So lesson learned, in recent ceph releases one must use ceph-volume
batch exactly as it was used originally.
Best Regards,
Dan
On Tue, Apr 27, 2021 at 2:16 PM Sebastien Han <shan(a)redhat.com> wrote:
>
> Hi Dan,
>
> I believe either the ceph-volume logs or the "ceph-volume inventory
> /dev/sdf" command should give you the reason why the device was
> rejected.
> If not legit that's probably a bug...
>
> Thanks!
> –––––––––
> Sébastien Han
> Senior Principal Software Engineer, Storage Architect
>
> "Always give 100%. Unless you're giving blood."
>
> On Tue, Apr 27, 2021 at 2:02 PM Dan van der Ster <dan(a)vanderster.com> wrote:
> >
> > Hi all,
> >
> > In 14.2.20, when re-creating a mixed OSD after device replacement,
> > ceph-volume batch is no longer able to find any available space for a
> > block_db.
> >
> > Below I have shown a zap [1] which frees up the HDD and one LV on the
> > block-dbs VG.
> > But then we try to recreate, and none of the block-dbs are available
> > [2], even though there is free space on the VG:
> >
> > VG #PV #LV #SN Attr VSize VFree
> > ceph-8dfd7f83-b60c-485b-9517-12203301a914 1 5 0 wz--n- <223.57g 37.26g
> >
> > This bug looks similar: https://tracker.ceph.com/issues/49096
> >
> > Is there something wrong with my procedure? Or does someone have an
> > idea how to make this work again?
> >
> > Best Regards,
> >
> > Dan
> >
> >
> > [1]
> >
> > # systemctl stop ceph-osd@1
> > # ceph osd out 1
> > marked out osd.1.
> > # ceph-volume lvm zap --osd-id=1 --destroy
> > --> Zapping: /dev/ceph-15daeeaa-b6d9-46a6-b955-fd7197341334/osd-block-ef46b9bf-c85f-49d8-9db3-9ed164f5cc61
> > --> Unmounting /var/lib/ceph/osd/ceph-1
> > Running command: /usr/bin/umount -v /var/lib/ceph/osd/ceph-1
> > stderr: umount: /var/lib/ceph/osd/ceph-1 unmounted
> > Running command: /usr/bin/dd if=/dev/zero
> > of=/dev/ceph-15daeeaa-b6d9-46a6-b955-fd7197341334/osd-block-ef46b9bf-c85f-49d8-9db3-9ed164f5cc61
> > bs=1M count=10 conv=fsync
> > stderr: 10+0 records in
> > 10+0 records out
> > stderr: 10485760 bytes (10 MB, 10 MiB) copied, 0.0849557 s, 123 MB/s
> > --> Only 1 LV left in VG, will proceed to destroy volume group
> > ceph-15daeeaa-b6d9-46a6-b955-fd7197341334
> > Running command: /usr/sbin/vgremove -v -f
> > ceph-15daeeaa-b6d9-46a6-b955-fd7197341334
> > stderr: Removing
> > ceph--15daeeaa--b6d9--46a6--b955--fd7197341334-osd--block--ef46b9bf--c85f--49d8--9db3--9ed164f5cc61
> > (253:0)
> > stderr: Archiving volume group
> > "ceph-15daeeaa-b6d9-46a6-b955-fd7197341334" metadata (seqno 5).

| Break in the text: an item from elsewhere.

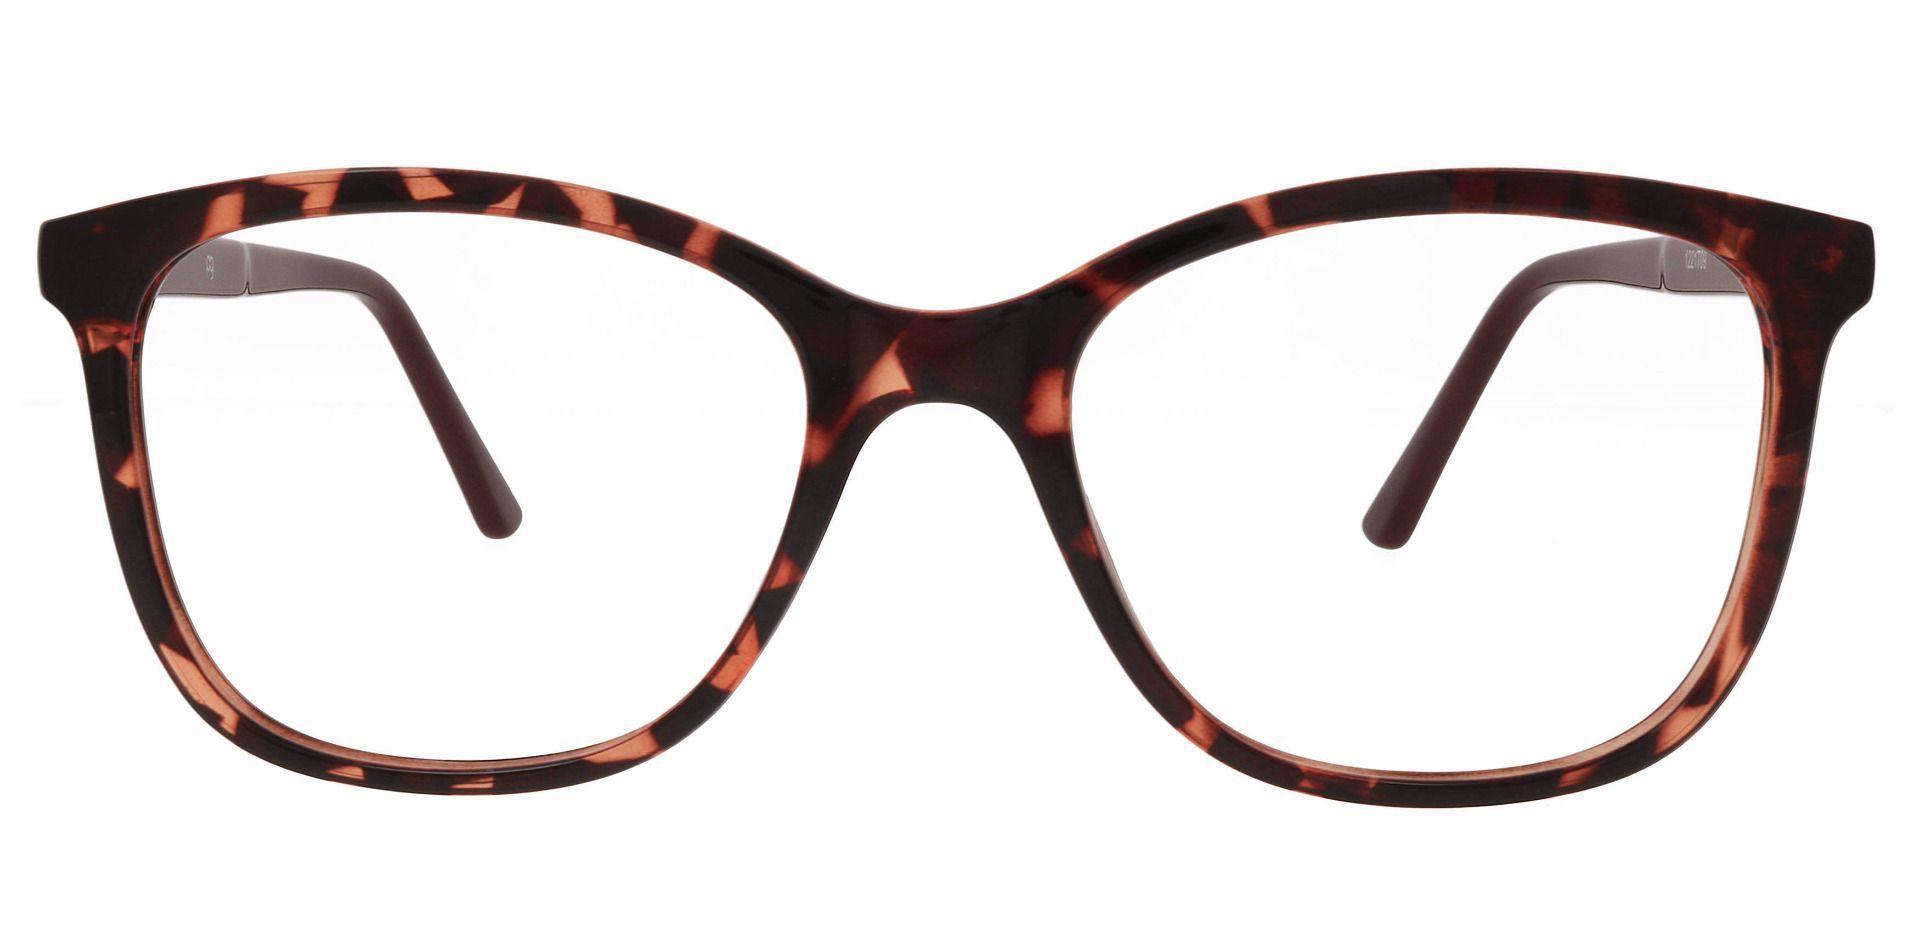 Halpin Square Prescription Glasses - Tortoise

> > stderr: Releasing logical volume
> > "osd-block-ef46b9bf-c85f-49d8-9db3-9ed164f5cc61"
> > stderr: Creating volume group backup
> > "/etc/lvm/backup/ceph-15daeeaa-b6d9-46a6-b955-fd7197341334" (seqno 6).
> > stdout: Logical volume
> > "osd-block-ef46b9bf-c85f-49d8-9db3-9ed164f5cc61" successfully removed
> > stderr: Removing physical volume "/dev/sdg" from volume group
> > "ceph-15daeeaa-b6d9-46a6-b955-fd7197341334"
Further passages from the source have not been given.